We next validated the above findings in an allogeneic colon cancer model with HT-29 adenocarcinoma cells grown on an immunodeficient background. Tumor growth, final volume, histology, and β-catenin expression were similar across experimental groups (supplemental Figures 4A-D). An example of IVC ligation causing complete vessel occlusion is shown in supplemental Figure 4F. The highest clot weights were observed in HT-29 tumor–bearing mice on a high Trp diet (supplemental Figure 4G). In non–tumor-bearing mice, no clot size differences were noted in the different groups. On a normal Trp diet, tumor-bearing mice showed a higher normalized clot weight than non–tumor-bearing mice (∗P = .0130). In the tumor-bearing group, a high Trp diet led to significantly higher clot weights than normal and zero Trp diets (∗P = .0133 and ∗∗∗P = .0037, respectively). IVCs of sham-operated mice showed higher TF, PAI-1, and VWF expression and lower TM expression in HT-29–bearing mice on a high Trp diet than those on a normal diet (supplemental Figures 5 and 6).

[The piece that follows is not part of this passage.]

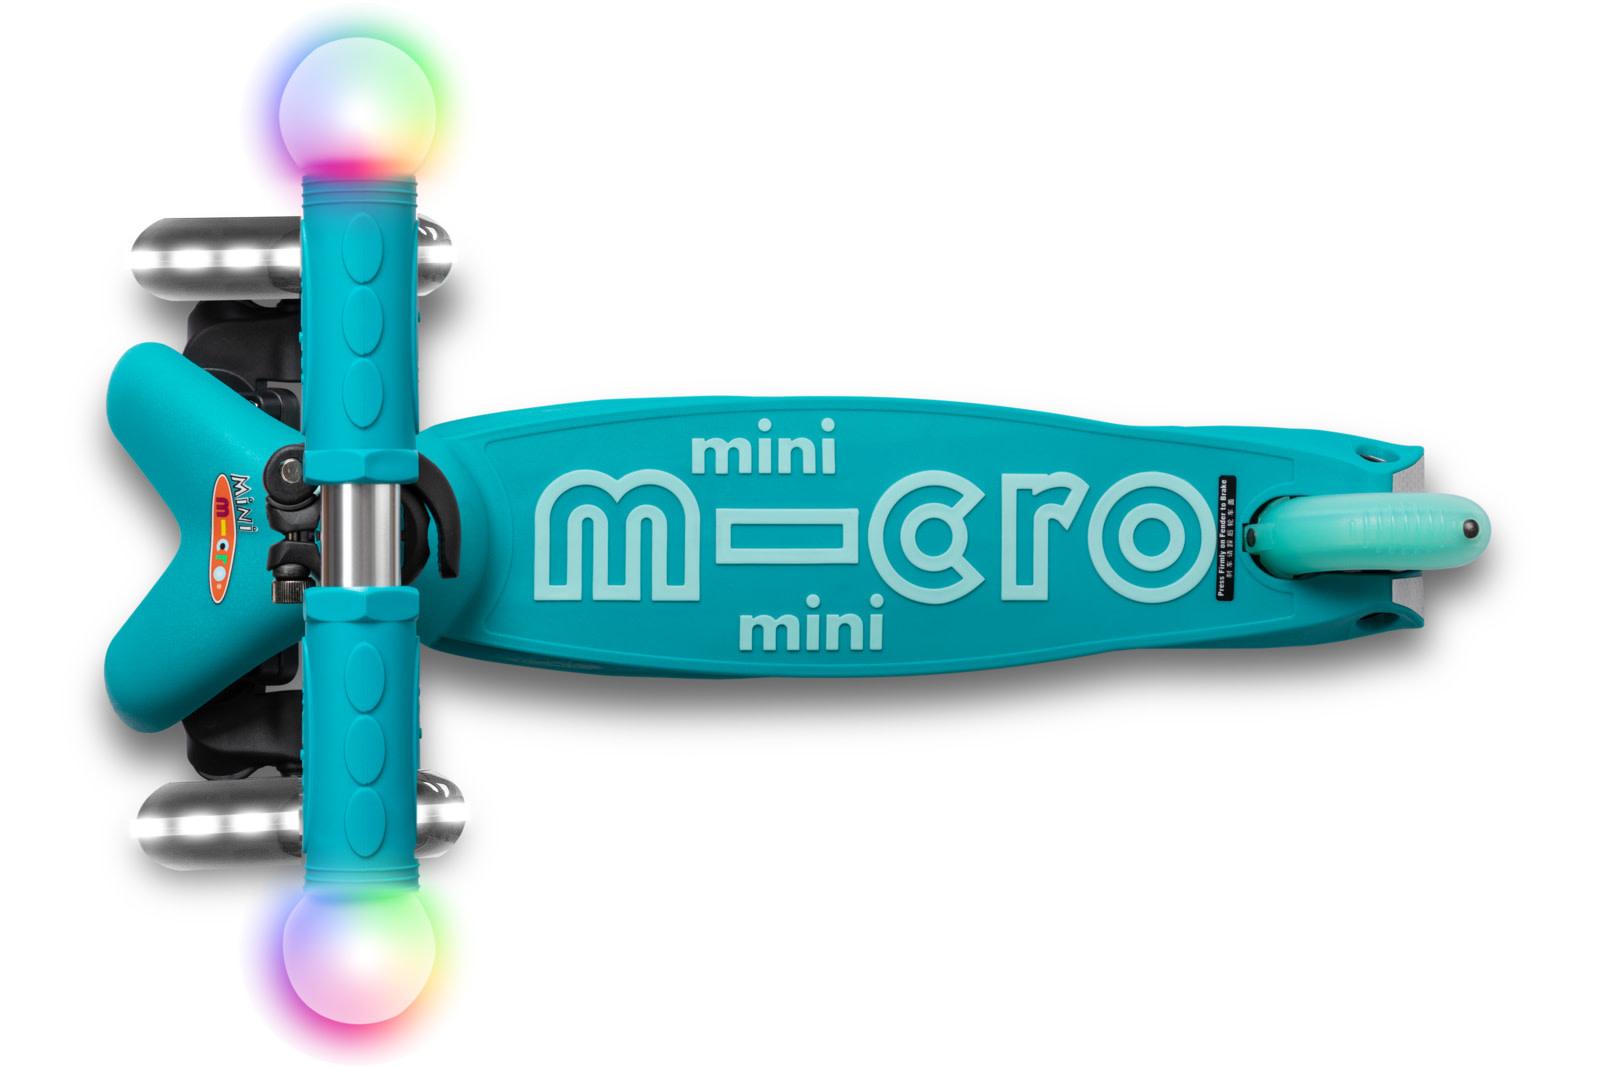 Micro steps Mini micro step magic aqua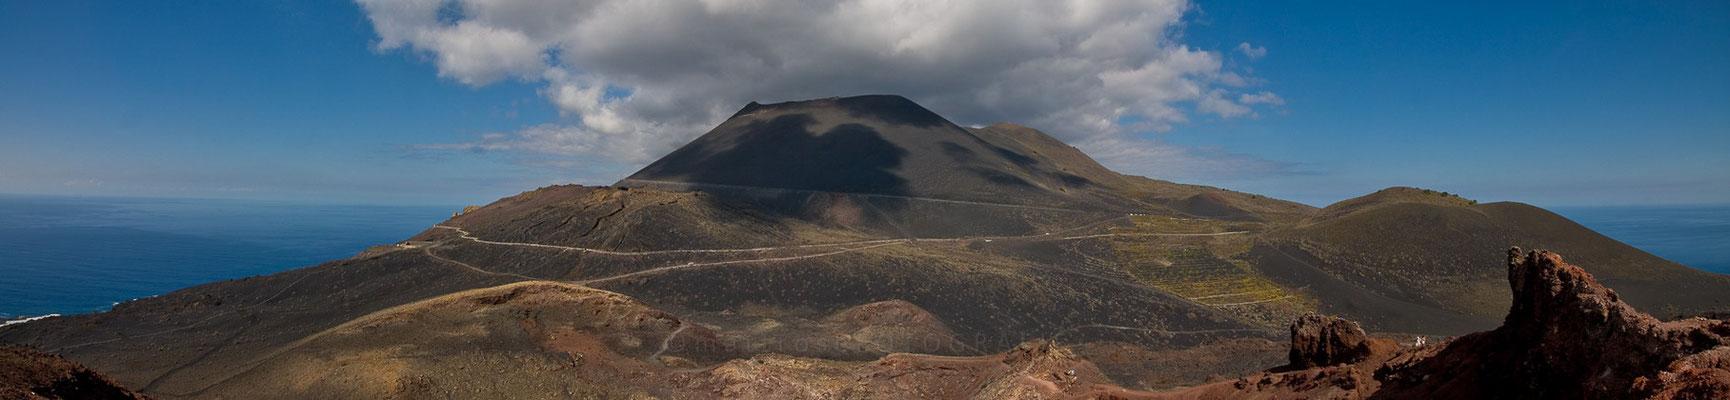 La Palma - Vulkan Teneguia

Alterations in Trp metabolome in tumor-bearing mice on different diets
Approximately 80% to 90% of dietary Trp is metabolized by indoleamine 2,3-dioxygenase (IDO) and Trp 2,3-dioxygenase. IDO1 and IDO2 convert Trp to N-formyl Kyn, which is converted to Kyn by formamidase. Kyn is subsequently catabolized as illustrated in supplemental Figure 7. Once we noted no significant difference in diet consumption among different groups of mice (Figure 5A), we used a prevalidated liquid chromatography/mass spectrometry method27,28 to measure Trp metabolites in sera after IVC ligation. In the nontumor group, serum Trp levels were several-fold higher in mice exposed to a high Trp (mean ± standard error of the mean, 531.7 ± 174.9 nM) diet than normal Trp (27.64 ± 14.79 nM; ∗∗∗∗P = .0208) and zero Trp diets (6.610 ± 1.846 nM; ####P = .0170; Figure 5B). Intriguingly, mice with tumors under a high Trp diet had lower serum Trp levels (118.9 ± 47.44 nM; P = .0508) than those without tumors. Tumor-bearing group on a high Trp diet had approximately threefold to fourfold higher Kyn levels (2.081 ± 0.5455 nM) than those on normal (0.5188 ± 0.1467 nM; ∗∗∗P = .0306) or low Trp diets (0.3723 ± 0.150 nM; ###P = .0269). Moreover, in the high Trp diet group, Kyn levels were approximately fivefold higher in tumor-bearing mice than non–tumor-bearing mice on a high Trp diet (∗∗∗P = .0009; Figure 5C). No significant differences were noted in the kynurenic acid and indoxyl sulfate levels among the 3 diet groups in non–tumor-bearing or tumor-bearing mice (Figure 5D-E). Intriguingly, normalized clot weights positively correlated with blood Kyn levels (R2 = 0.2; P = .04; Figure 5F).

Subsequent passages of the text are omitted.